Two-player games of imperfect information are studied in [2225], and it is shown that they are often more complicated than games of perfect information. The algorithmic difference is exponential, due to a subset construction that turns a game of imperfect information into an equivalent game of perfect information. In this paper, we build on the results of [15, 25] and extend and adapt their methods to treat multi-agent systems with imperfect agents. To the best of our knowledge, compositional reactive synthesis is not studied in the context of multi-agent systems and robot motion planning.

The controller synthesis problem for systems with multiple controllable agents from a high-level temporal logic specification is also considered in many recent works (e.g., [8, 26, 27]). A common theme is based on first computing a discrete controller satisfying the LTL specification over a discrete abstraction of the system, which is then used to synthesize continues controllers guaranteed to fulfill the high-level specification. In many of these works (e.g., [28, 29]) the agents’ models are composed (either from the beginning or incrementally) to obtain a central model. The product of the central model with the specification automaton is then constructed and analyzed to compute a strategy. In [9], authors present a compositional motion planning framework for multi-robot systems based on a reduction to satisfiability modulo theories. However, their model cannot handle uncertain or dynamic environment. In [8, 30] it is proposed that systems with multiple components can be treated in a decentralized manner by considering one component as a part of the environment of another component. However, these approaches cannot address the need for joint decision making and cooperative objectives. In this paper we consider compositional and symbolic algorithms for solving games in presence of a dynamic and possibly adversarial environment.

2 Preliminaries

Linear temporal logic (LTL). We use LTL to specify system objectives. LTL is a formal specification language with two types of operators: logical connectives (e.g., \(\lnot \) (negation) and \(\wedge \) (conjunction)) and temporal operators (e.g., \(\bigcirc \) (next), \(\mathcal {U}\) (until), \(\Diamond \) (eventually), and \(\Box \) (always)). Let \(\mathcal {V}\) be a finite set of Boolean variables. A formula with no temporal operator is a Boolean formula or a predicate. Given a predicate \(\phi \) over variables \(\mathcal {V}\), we say \(s \in 2^\mathcal {V}\) satisfies \(\phi \), denoted by \(s \models \phi \), if the formula obtained from \(\phi \) by replacing all variables in s by \(\mathtt {true}\) and all other variables by \(\mathtt {false}\) is valid. We call the set of all possible assignments to variables \(\mathcal {V}\) states and denote them by \(\varSigma _\mathcal {V}\), i.e., \(\varSigma _\mathcal {V}= 2^\mathcal {V}\). An LTL formula over variables \(\mathcal {V}\) is interpreted over infinite words \(w \in {(\varSigma _{\mathcal {V}})}^\omega \). The language of an LTL formula \(\varPhi \), denoted by \(\mathcal {L}(\varPhi )\), is the set of infinite words that satisfy \(\varPhi \), i.e., \(\mathcal {L}(\varPhi )=\left\{ w \in {(\varSigma _{\mathcal {V}})}^\omega ~|~w \models \varPhi \right\} \).
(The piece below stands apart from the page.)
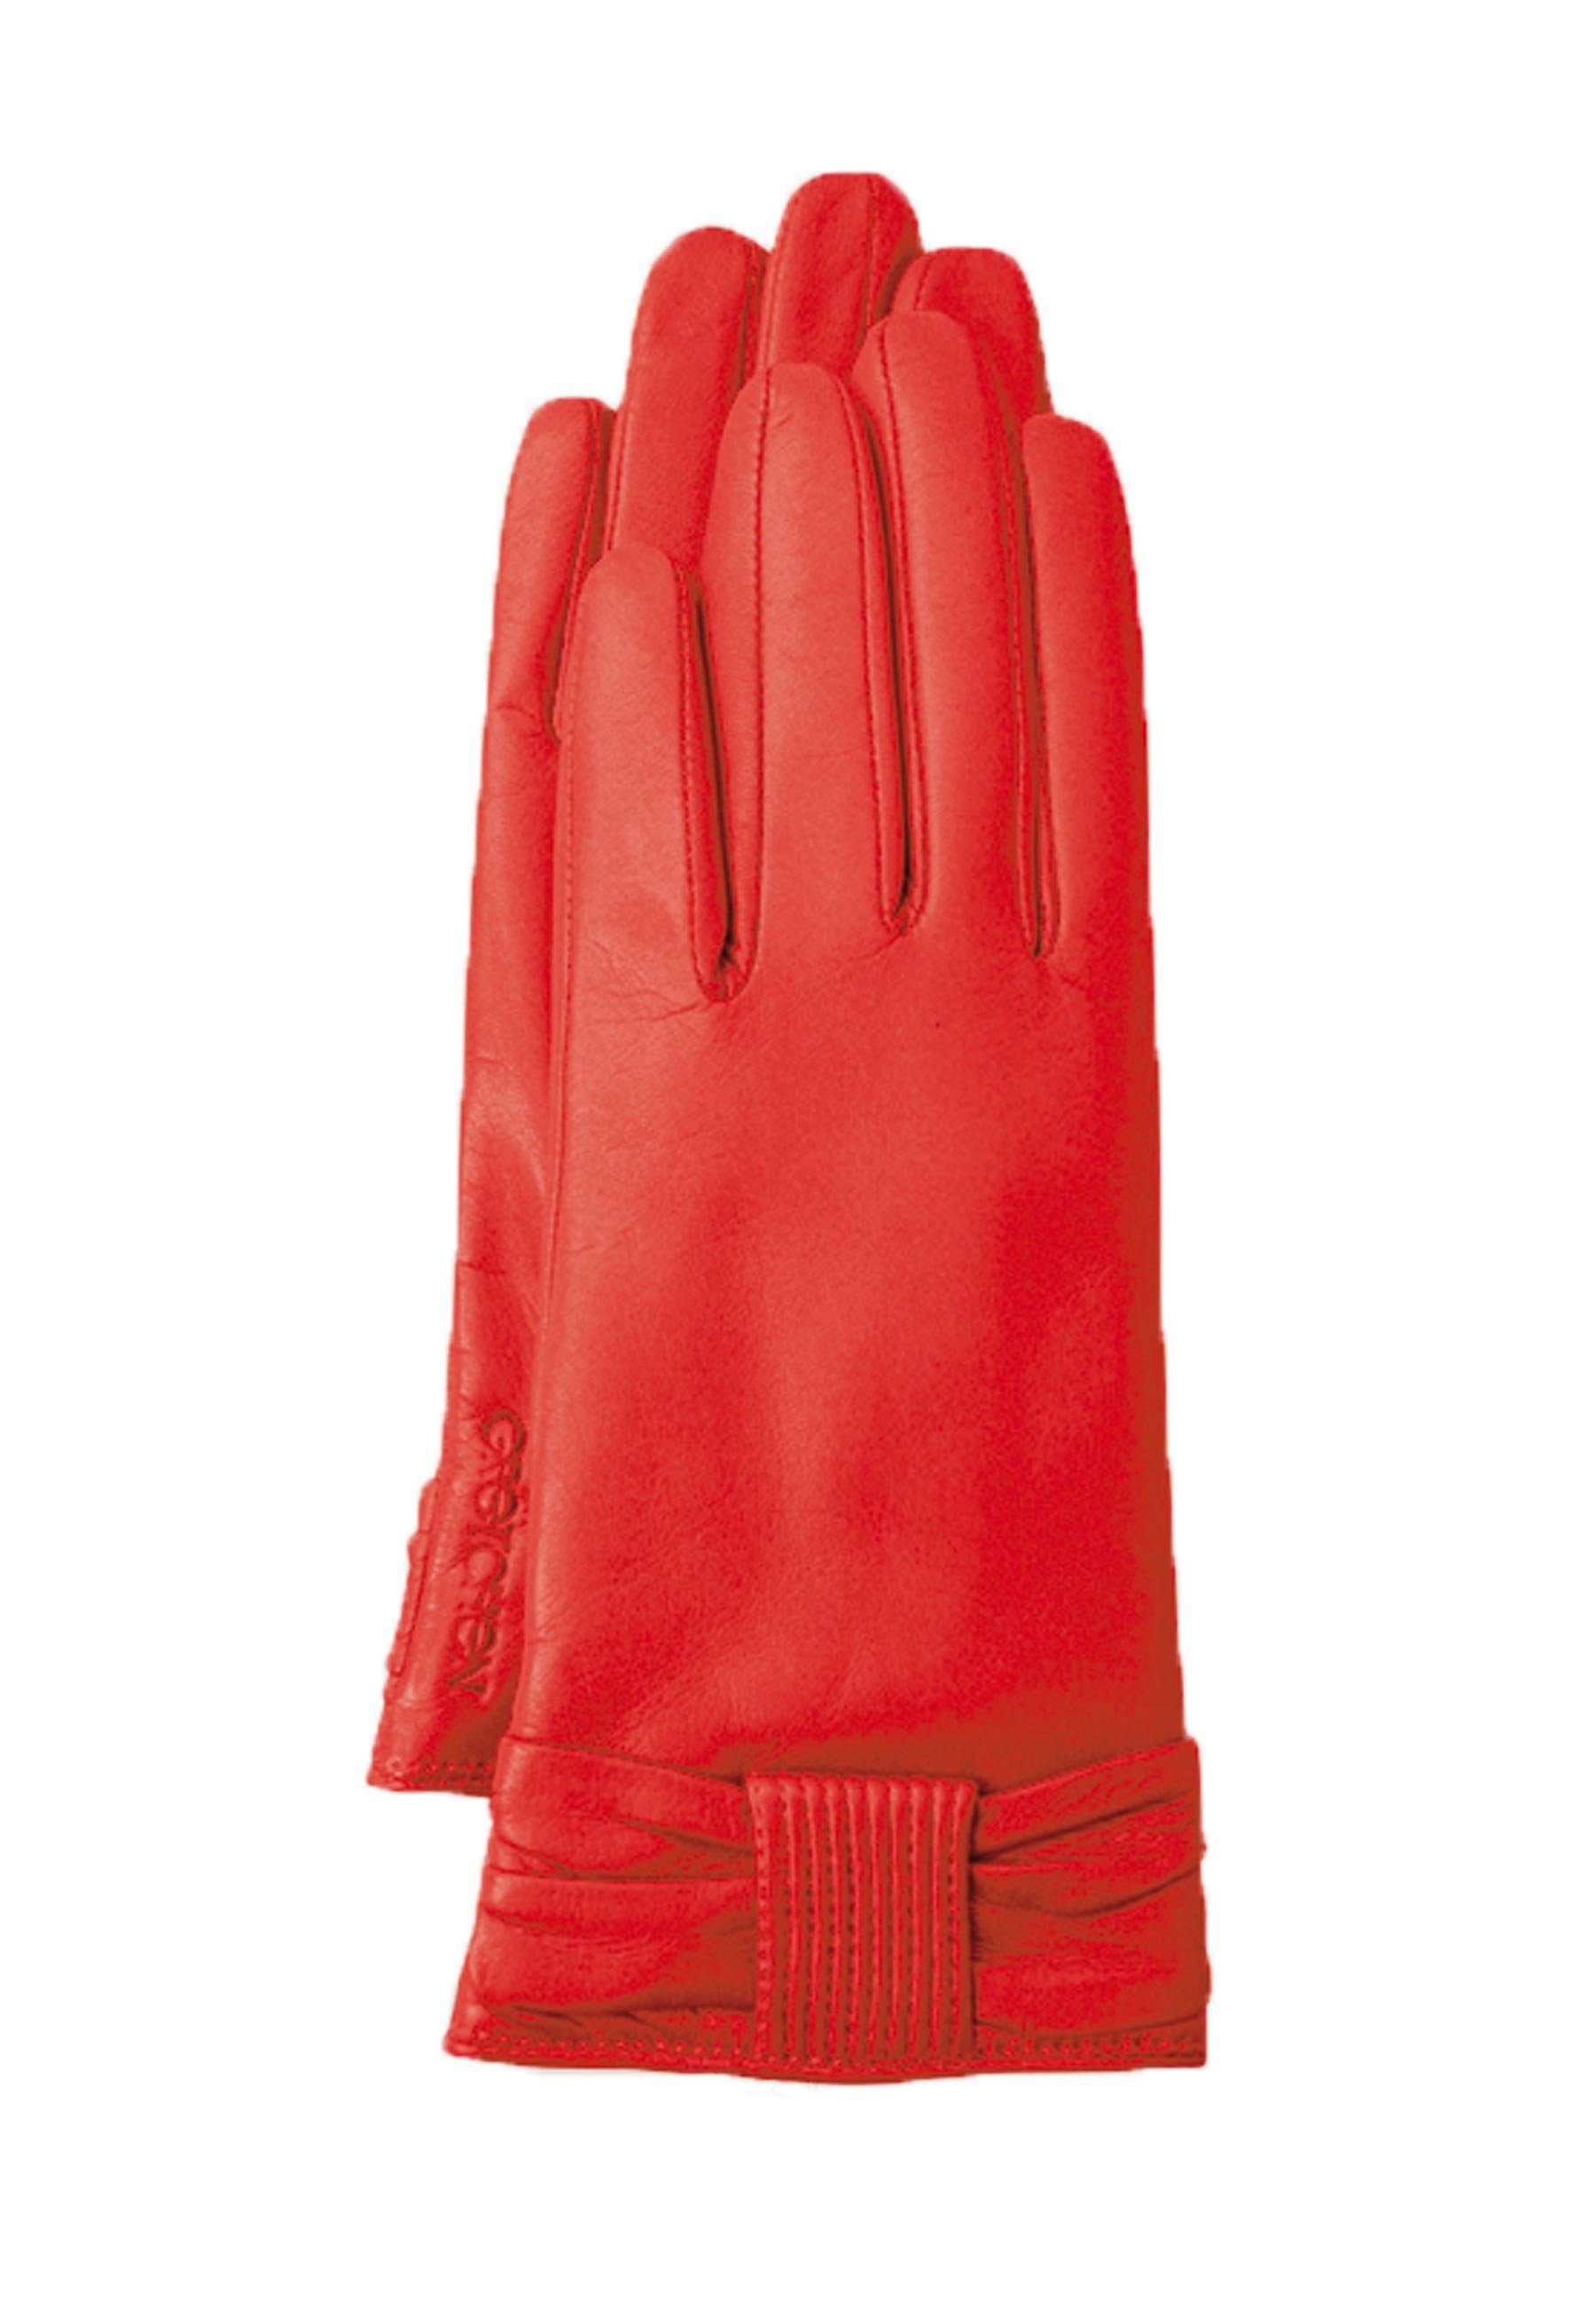 GRETCHEN Lederhandschuhe mit kuscheligem Kaschmir-Futter Gloves Bow rot-rot

We assume some familiarity of the reader with LTL. We often use predicates over \(\mathcal {V}\cup \mathcal {V}'\) where \(\mathcal {V}'\) is the set of primed versions of the variables in \(\mathcal {V}\). Given a subset of variables \(\mathcal {X} \subseteq \mathcal {V}\) and a state \(s \in \varSigma _\mathcal {V}\), we denote by \(s_{| \mathcal {X}}\) the projection of s to \(\mathcal {X}\). For a set \(\mathcal {Z} \subseteq \mathcal {V}\), let \(Same(\mathcal {Z},\mathcal {Z}')\) be a predicate specifying that the value of the variables in \(\mathcal {Z}\) stay unchanged during a transition. Ordered binary decision diagrams (OBDDs) can be used for obtaining concise representations of sets and relations over finite domains [31]. If R is an n-ary relation over \(\left\{ 0,1 \right\} \), then R can be represented by the BDD for its characteristic function: \(f_{R}(x_1, \cdots , x_n) = 1 \) if and only if \(R(x_1,\cdots ,x_n) = 1\). With a little bit abuse of notation and when it is clear from the context, we treat sets and functions as their corresponding predicates.

Game Structures. A game structure \(\mathcal {G}\) of imperfect information is a tuple \(\mathcal {G}= (\mathcal {V}, \varLambda , \tau , \mathcal {OBS}, \gamma )\) where \(\mathcal {V}\) is a finite set of variables, \(\varLambda \) is a finite set of actions, \(\tau \) is a predicate over \(\mathcal {V}\cup \varLambda \cup \mathcal {V}'\) defining \(\mathcal {G}\)’s transition relation, \(\mathcal {OBS}\) is a finite set of observable variables, and \(\gamma : \varSigma _\mathcal {OBS}\rightarrow 2^{\varSigma _\mathcal {V}} \backslash \emptyset \) maps each observation to its corresponding set of states. We assume that the set \(\left\{ \gamma (o) ~|~o \in \varSigma _\mathcal {OBS} \right\} \) partitions the state space \(\varSigma _\mathcal {V}\) (this assumption can be weakened to a covering of the state space where observations can overlap [24, 25].) A game structure \(\mathcal {G}\) is called perfect information if \(\mathcal {OBS}= \mathcal {V}\) and \(\gamma (s) = \left\{ s \right\} \) for all \(s \in \varSigma _\mathcal {V}\). We omit \((\mathcal {OBS}, \gamma )\) in the description of games of perfect information.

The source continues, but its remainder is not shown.